We must now look at the United States of America as missiologists once viewed nations that had never heard the gospel. Indeed, our missiological challenge may be even greater than the confrontation with paganism, for we face a succession of generations who have transformed Christianity into something that bears no resemblance to the faith revealed in the Bible. The faith "once delivered to the saints" is no longer even known, not only by American teenagers, but by most of their parents. Millions of Americans believe they are Christians, simply because they have some historic tie to a Christian denomination or identity.

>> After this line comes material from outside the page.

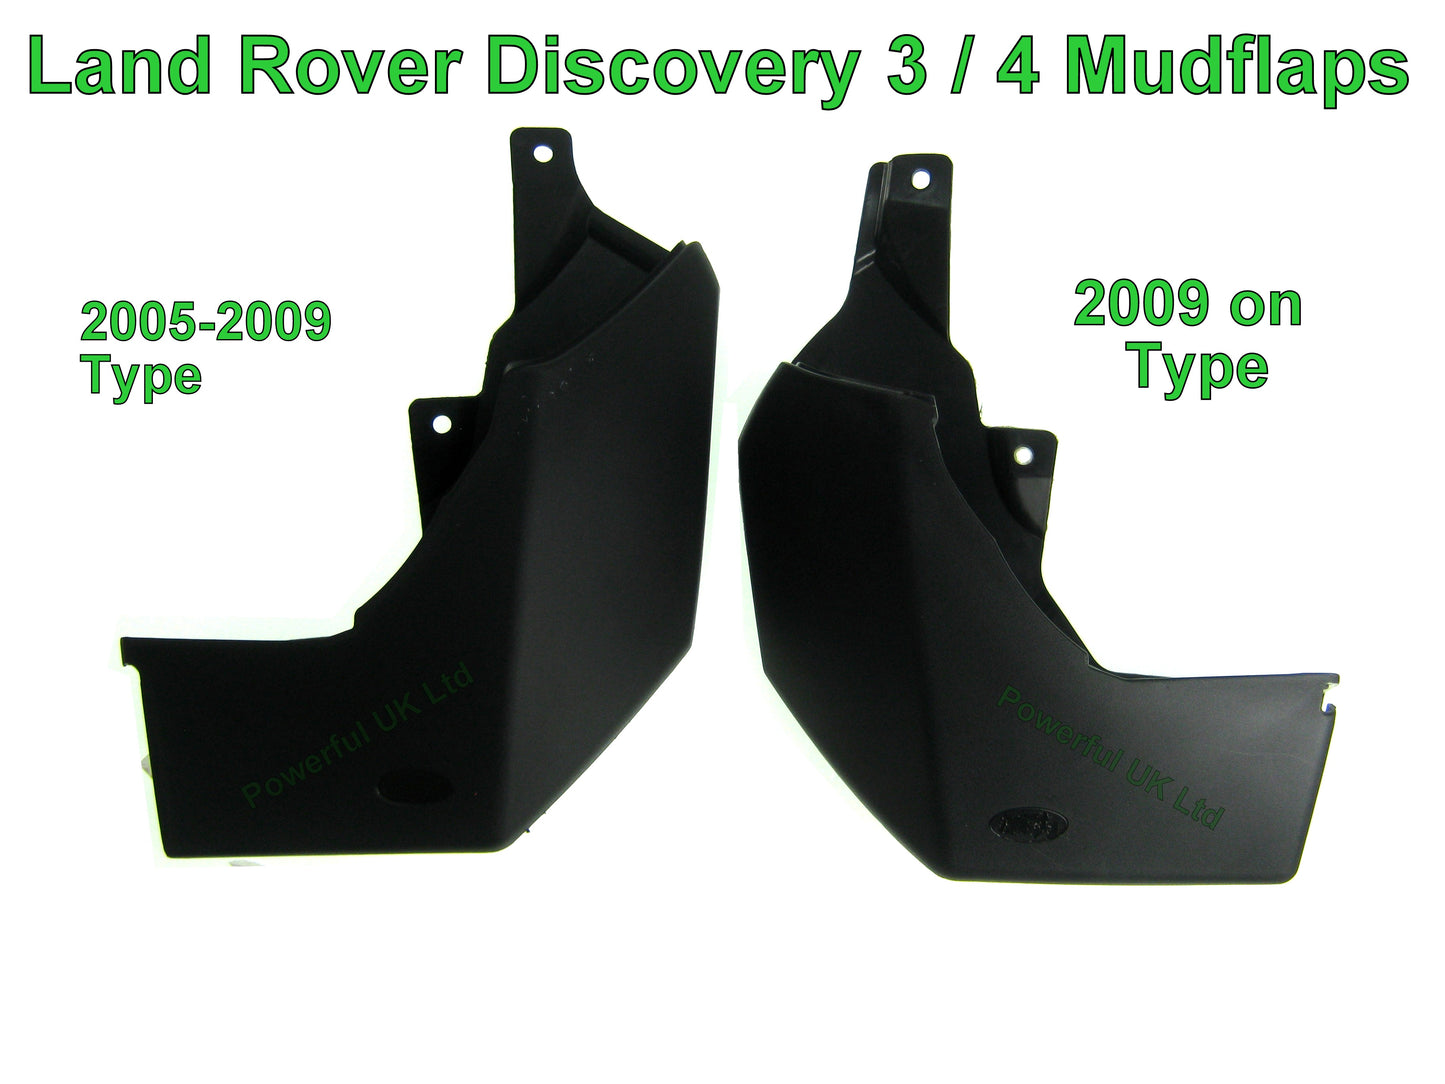 Mudflap kit - Rear - for Land Rover Discovery 4

We now face the challenge of evangelizing a nation that largely considers itself Christian, overwhelmingly believes in some deity, considers itself fervently religious, but has virtually no connection to historic Christianity. Christian Smith and his colleagues have performed an enormous service for the church of the Lord Jesus Christ in identifying Moralistic Therapeutic Deism as the dominant religion of this American age. Our responsibility is to prepare the church to respond to this new religion, understanding that it represents the greatest competitor to biblical Christianity. More urgently, this study should warn us all that our failure to teach this generation of teenagers the realities and convictions of biblical Christianity will mean that their children will know even less and will be even more readily seduced by this new form of paganism. This study offers irrefutable evidence of the challenge we now face. As the motto reminds us, "Knowledge is power."
I think Jefferson and company are in Heaven smiling. Finally, in a way, their heterodox faith has caught on with the masses.